Early in the development of the IBM ACS system, T.J. Watson visited the Sandhill road lab to hear a presentation of the plan. At one point he exclaimed ‘but where is the unit record equipment?’. Such equipment read and punched cards and also produced ‘print outs’ on paper. All previous IBM machines could be seen as centered around these data portals.
Later John Cocke observed that 20 trains, each traveling 60 mph, full of punched cards, would provide a card data rate commensurate with the machine’s memory bus. The state of the art for printing then was the 600 lines per minute. To scale up printing capacity to match the CPU performance would require about 400 line printers occupying a very large room. Conventional buffering plans to run such a pool of printers would require main memory much beyond the cost of the whole machine.

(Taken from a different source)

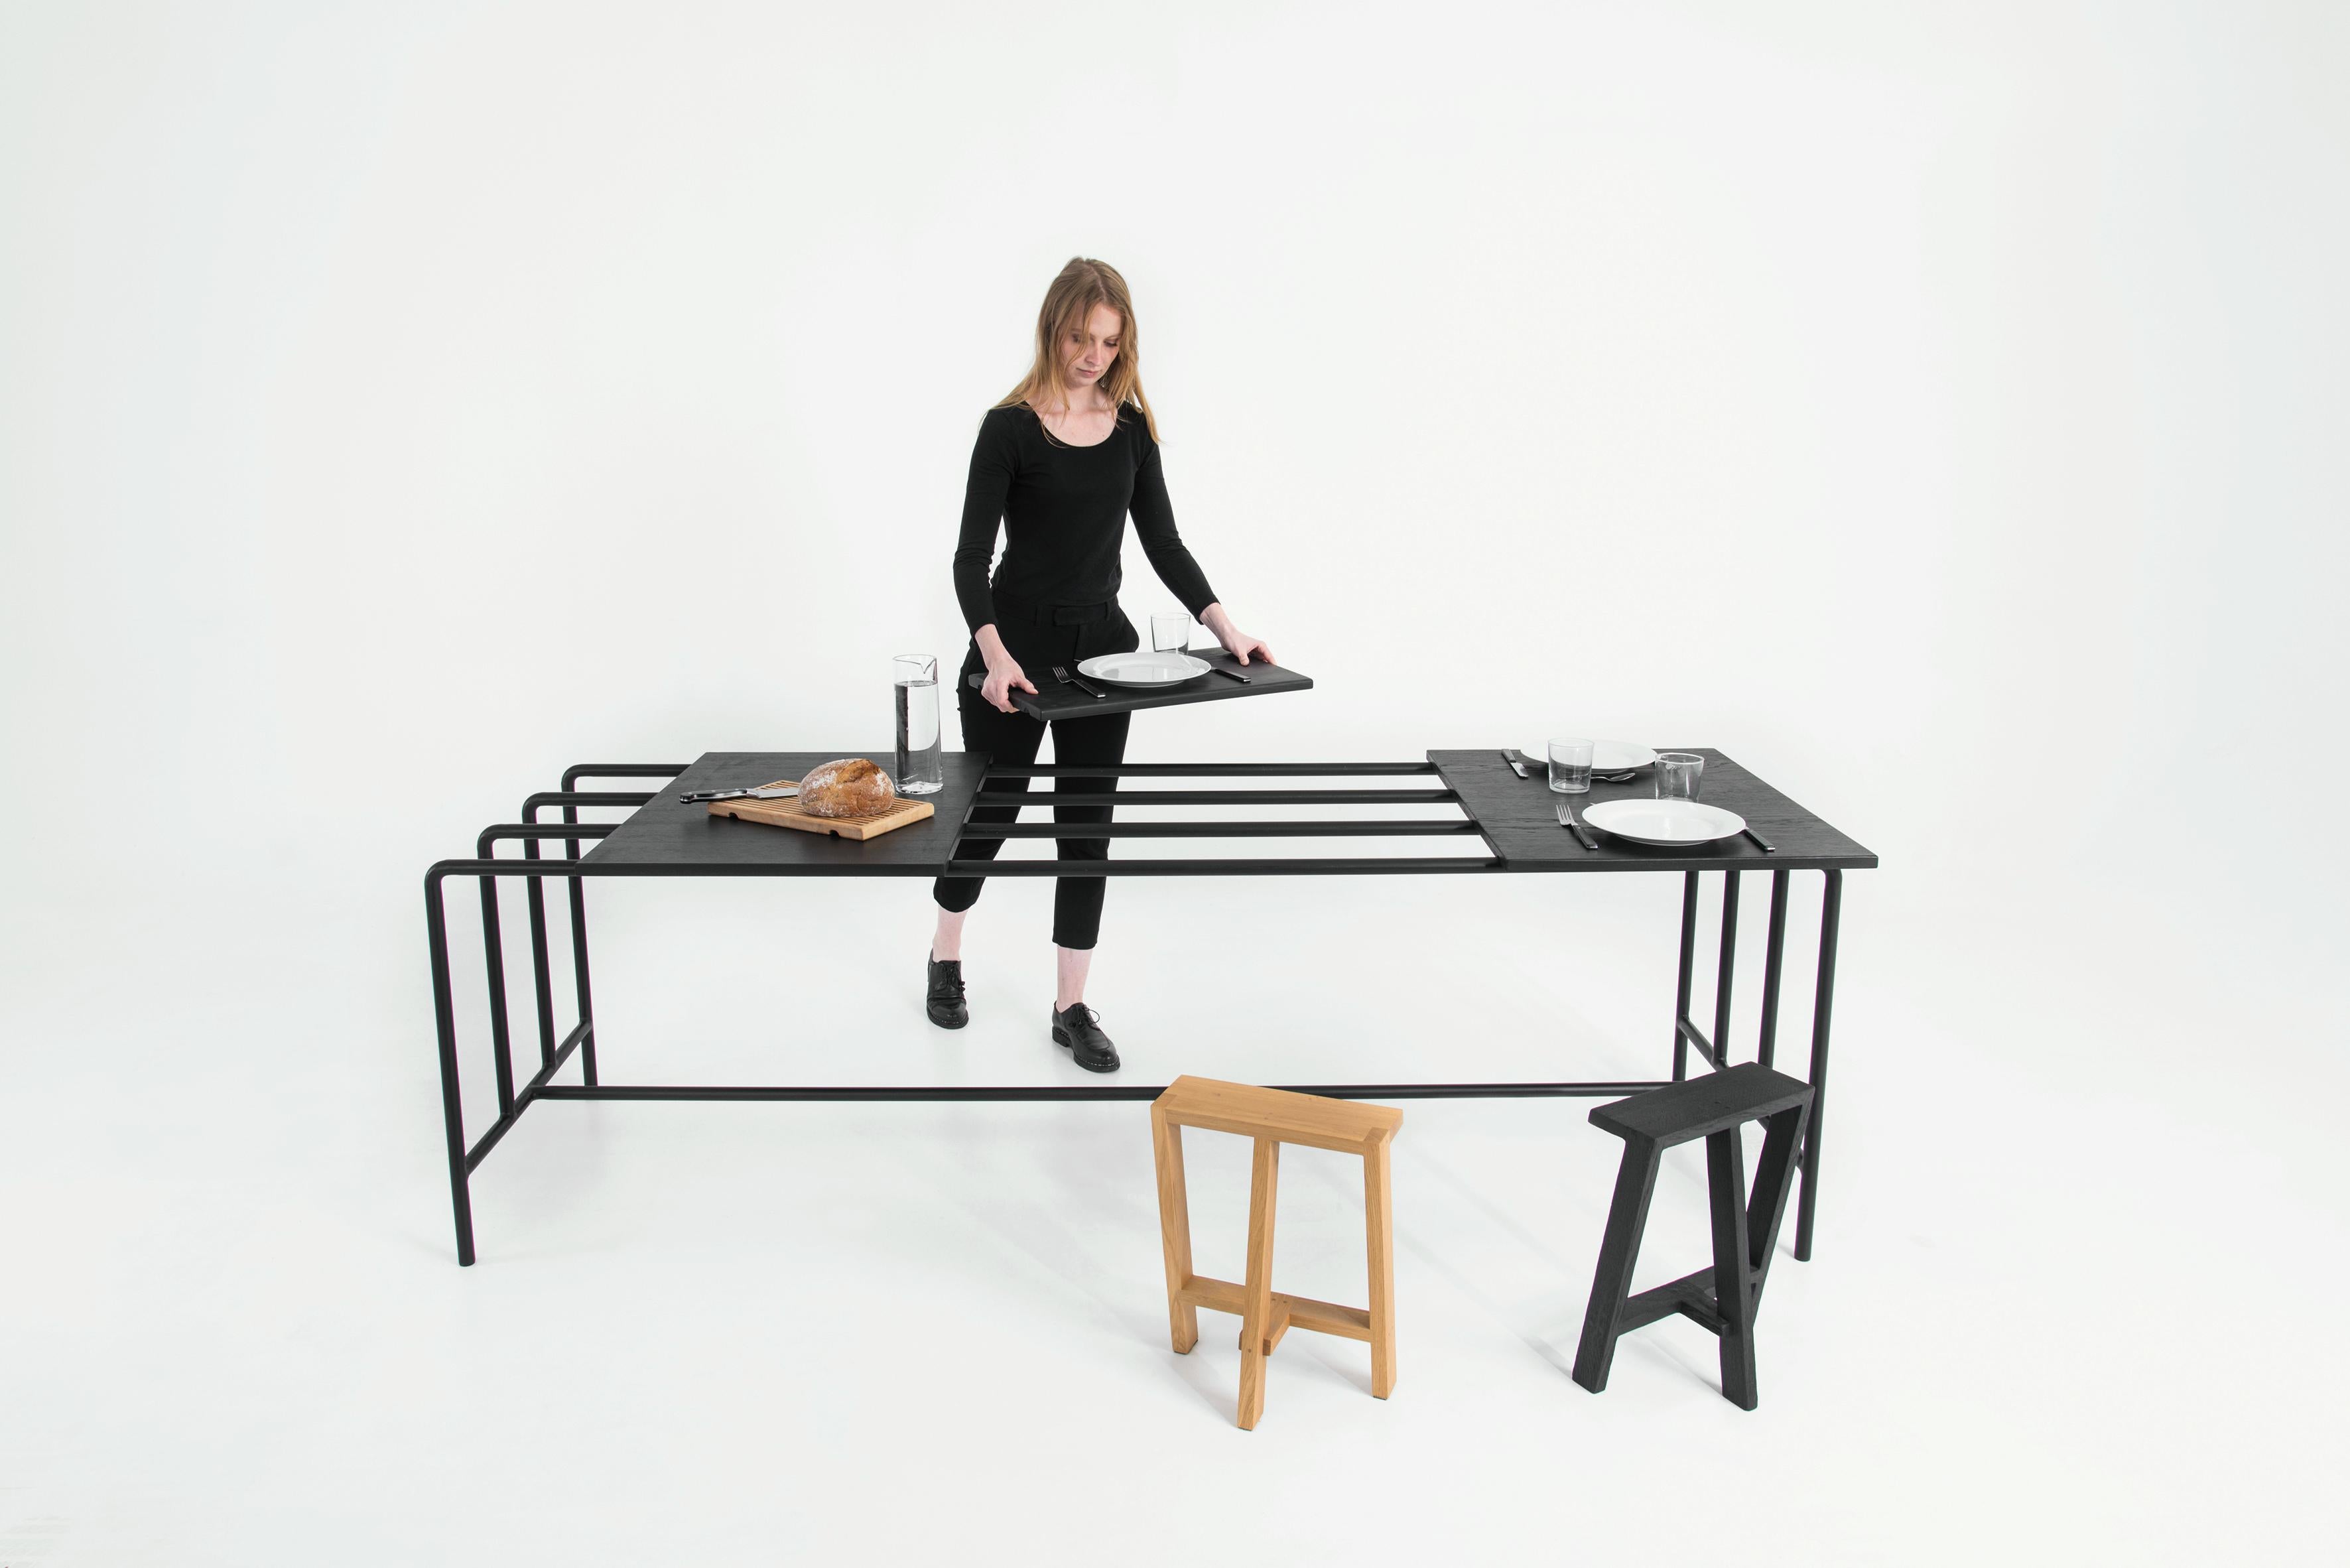 Steel Abacus Table by Pierre-Emmanuel Vandeputte

Memory was still expensive.
Subsequently I spent a day or two imagining a system to spool 300 or 400 chain printers from the machine. This would provide a scaled capacity in line with conventional large computer installations. Because of our small fast main memory was insufficient for simple buffering, we conceived a scheme to produce a multiplexed stream for many printers, perhaps all of them. The multiplexed stream would be produced by a multi merge pass which required some sort of prediction of how fast a chain printer could plow thru a particular print stream. The nature of chain printers makes this very variable. Otherwise the sort requires very little memory and time. That increased latency but not by much.

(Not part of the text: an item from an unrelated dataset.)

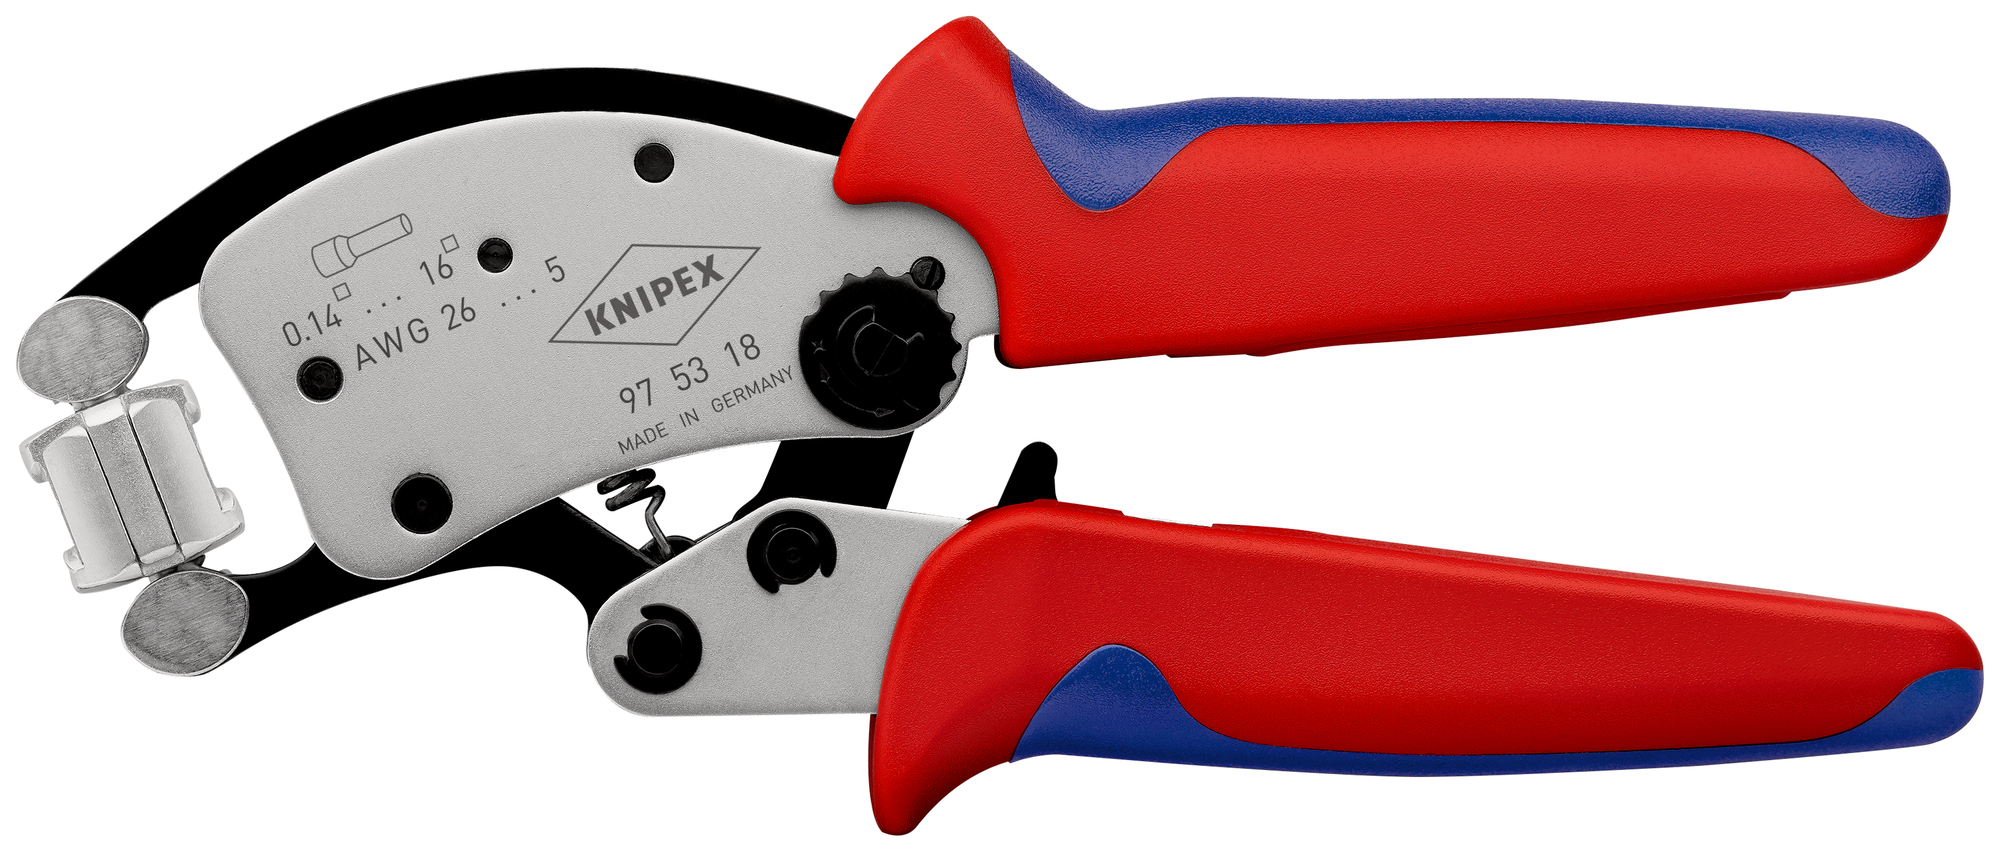 Samonastaviteľné kliešte Knipex Twistor16 SB pre lisovanie káblových koncoviek

Chain printers make headway at a variable but predictable rate. It was probably not cost effective for even the ACS to do such a prediction however. Some print streams would slow down the rest. This was a problem.
An amusing and frightening prospect was the paper jam. One could not afford to stop the multiplexed stream for that would idle all the print capacity. The scheduled work of a particular printer would be lost if the stream were not stopped. The solution seemed to redirect the stricken printer’s output to a file to be fed thru the multi-merge again. There were other complex solutions as well.
This exercise was all a mock effort just to see how hard it would be to fit the ACS with the then dominant URE paradigm. Timesharing and interactive access to data stored online was already seen as the answer to these problems. These solutions also seemed to require more storage than had been planned. Fixed head drums could provide an attractive solution in theory for their queued access could provide thousands of independent accesses per second which could serve to provide short simple bursts of compute to people who were seeking and modifying data stored on DASD. This pattern was already panning out to some degree at Livermore.
The lack of memory larger than the planned “main storage” and faster than DASD (moving head disk) was beginning to be worrisome. Access time for available core technology was too slow but core could provide good bandwidth. Transistor memory was too far off.
The hardware people did propose some sort of multi megabyte memory with access time of micro-seconds and very high bandwidth.